Re tidak menjawab pertanyaan Ri. Ia sibuk memandangi langit yang penuh dengan lukisan. Ada boks bayi dengan seorang anak perempuan tidur di dalamnya. Salah satu kakinya menyembul dari selimut itu. Re melihat di sisi boks bayi itu dirinya duduk setengah tertidur seraya memandangi Rin, bayi lucu itu.

“Kau rindu Rin?”

“Anak yang bahkan tidak bisa kutimang? Yang harus kuhancurkan sebelum dia berbentuk?” Ada perih mencengkeram perutnya. Seperti ada sesuatu dalam perutnya. Terasa panas juga pedih, seperti ada besi merah membara. Kepalanya terasa sakit seperti ditusuk paku yang teramat besar.

“Kenapa?”

“Kepalaku sakit. Perutku juga.”

“Karena apa?”

“Entahlah ….” Re mengangkat kedua kakinya. Benar-benar tak peduli orang akan melihat pahanya yang mulus. Tak peduli celana dalam merahnya. Tak peduli kaki belalangnya tak bisa menutup sesuatu yang mungkin seharusnya ditutup. Lelaki gelandangan itu membuka jaketnya yang kusam dan kotor. Ditutupnya bagian depan tubuh Re. Gadis itu perlahan menggigil.

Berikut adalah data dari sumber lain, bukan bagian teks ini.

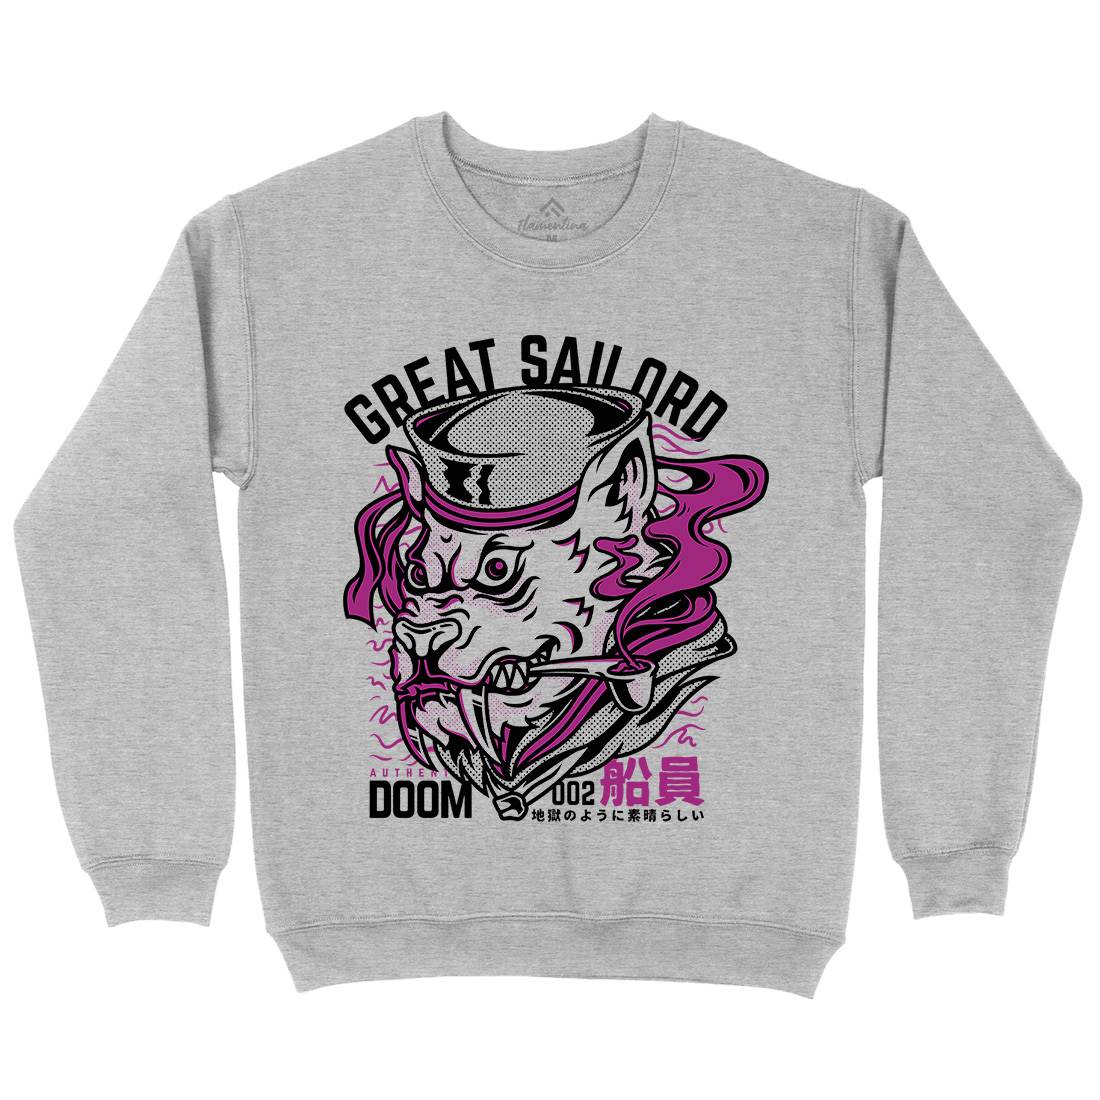 Great Sailord Kids Crew Neck Sweatshirt Navy D601

“Kau kenapa?” Tangan Ri terulur dan terkejut karena kening perempuan di sebelahnya itu terasa panas.

“Nggak tahu. Aku kedinginan. Tapi ini aneh. Aku tak pernah kedinginan sebelumnya. Apa mungkin aku akan mati?”

“Kau merasa akan mati?”

“Mungkin aku ingin mati. Apa itu salah?”

“Entahlah. Kenapa tidak berusaha hidup?”

“Untuk apa? Untuk melanjutkan kehancuran?”

“Kau bisa memilih untuk tetap ….”

“Berpura-pura utuh meski sudah tak berbentuk?” Re memutus kata-kata Ri. Gemerisik dedaunan dibelai angin terdengar lirih. “Ri?”

“Hmm?”

“Apa surga itu ada?”

“Mungkin ada. Kenapa kau bertanya begitu?”

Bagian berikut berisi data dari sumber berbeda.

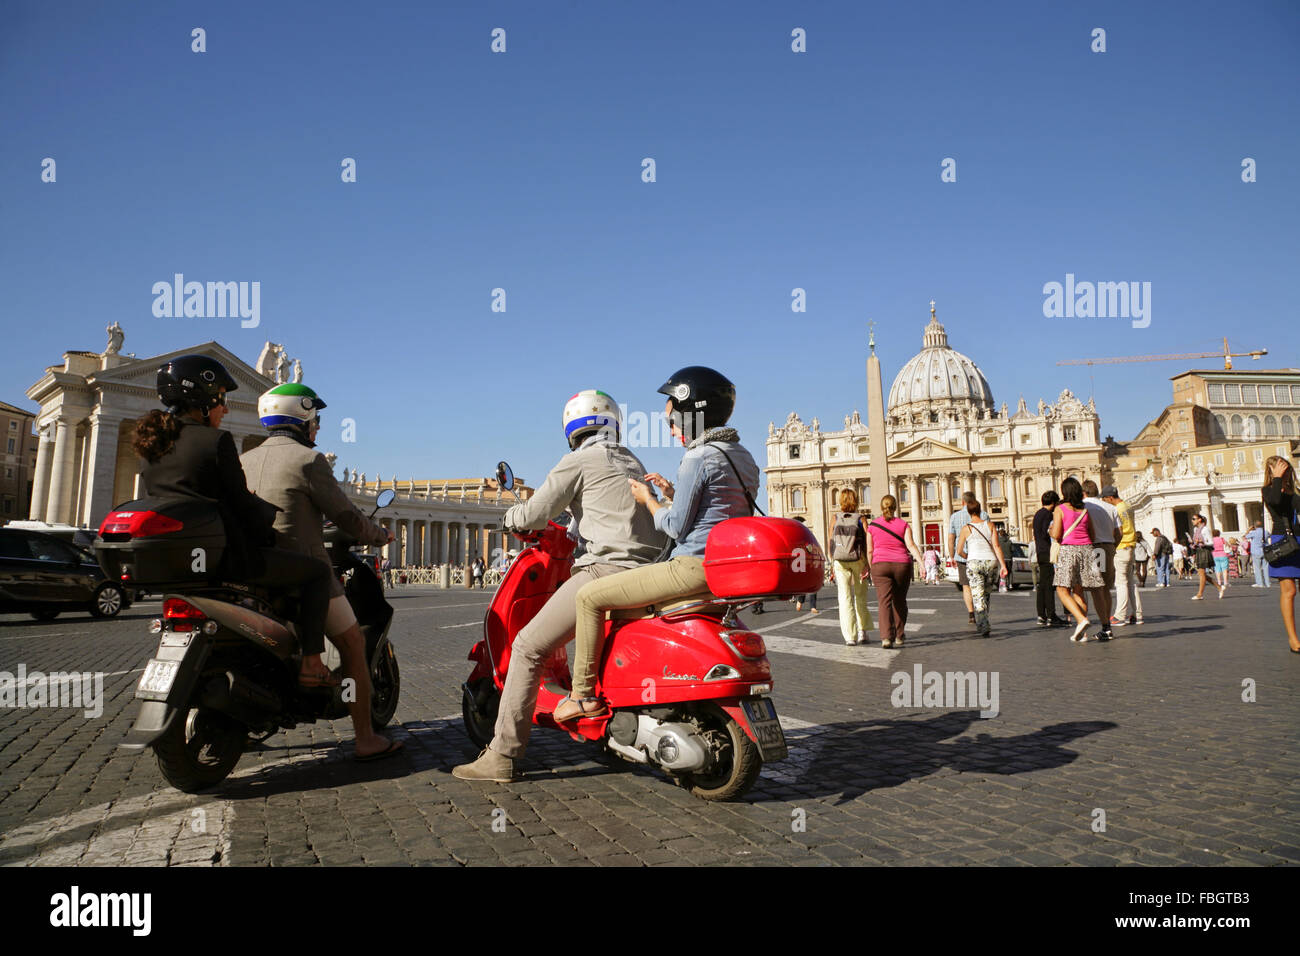 Les gens sur motorscooters près de la Basilica di San Pietro (St. Peter's), Cité du Vatican, Rome, Italie Banque D'Images

“Pikirkan ini, Ri. Jika bercinta itu adalah surga dunia, apakah kau pikir surga di sana berbayar, Ri? Aku biasanya mendapatkan uang dari bercinta.” Re terkekeh pelan. Ia menghisap rokoknya dan mengembuskan perlahan.

“Kita membayar dengan berbuat baik, Re. Sepertimu. Memberiku makan.”

Re tertawa. Tawa yang kering seperti tanah yang pecah berbongkah-bongkah. “Di sana akan ada Tuhan? Tuhan atau Tuan, Ri?”

Lelaki itu menggeleng. Ia mengangkat tangannya ke langit dan menggerakkan jemarinya. “Re, aku akan melukis lagi untukmu. Di sini, kau berdiri sangat cantik. Bagaimana dengan gaun berwarna putih?”

“Aku tidak suka warna putih, Ri. Aku suka warna merah. Merah darah.”

“Aku pun suka warna itu. Baiklah, lihat, Re. Lihat, jangan memejamkan mata. Lihat aku melukismu di sini. Dengan gaun berwarna merah. Merah darah. Dengan hiasan rambut dari bunga … kau suka bunga apa?”

“Apa saja, lukislah untukku.”

“Ah, tidak Re. Rambut bergelombangmu biarlah tergerai begitu saja. Kau saat ini memakai pakaian yang sangat minim, tapi aku akan melukismu dengan gaun panjang yang tertutup. Elegan. Kau bisa melihatnya, Re?”

Re mengangguk lemah. Nyeri di perutnya makin menjadi-jadi. Rasanya besi membara memang ada di perutnya. Besi itu menusuk-nusuk dan melepuhkan rahim, mungkin juga jantung, ginjal, atau apa pun yang ada di sana. Rasanya kepalanya pecah burai dengan darah muncrat di mana-mana. Darah berleleran dan keluar perlahan dari hidungnya yang mancung. Darah itu perlahan menyentuh bibirnya yang diberi pewarna merah menyala. Lalu darah yang lain mengalir dari ujung bibirnya yang terbuka. Mengalir perlahan menuruni leher jenjangnya, kemudian lenyap di lembah di antara kedua bukit ranumnya.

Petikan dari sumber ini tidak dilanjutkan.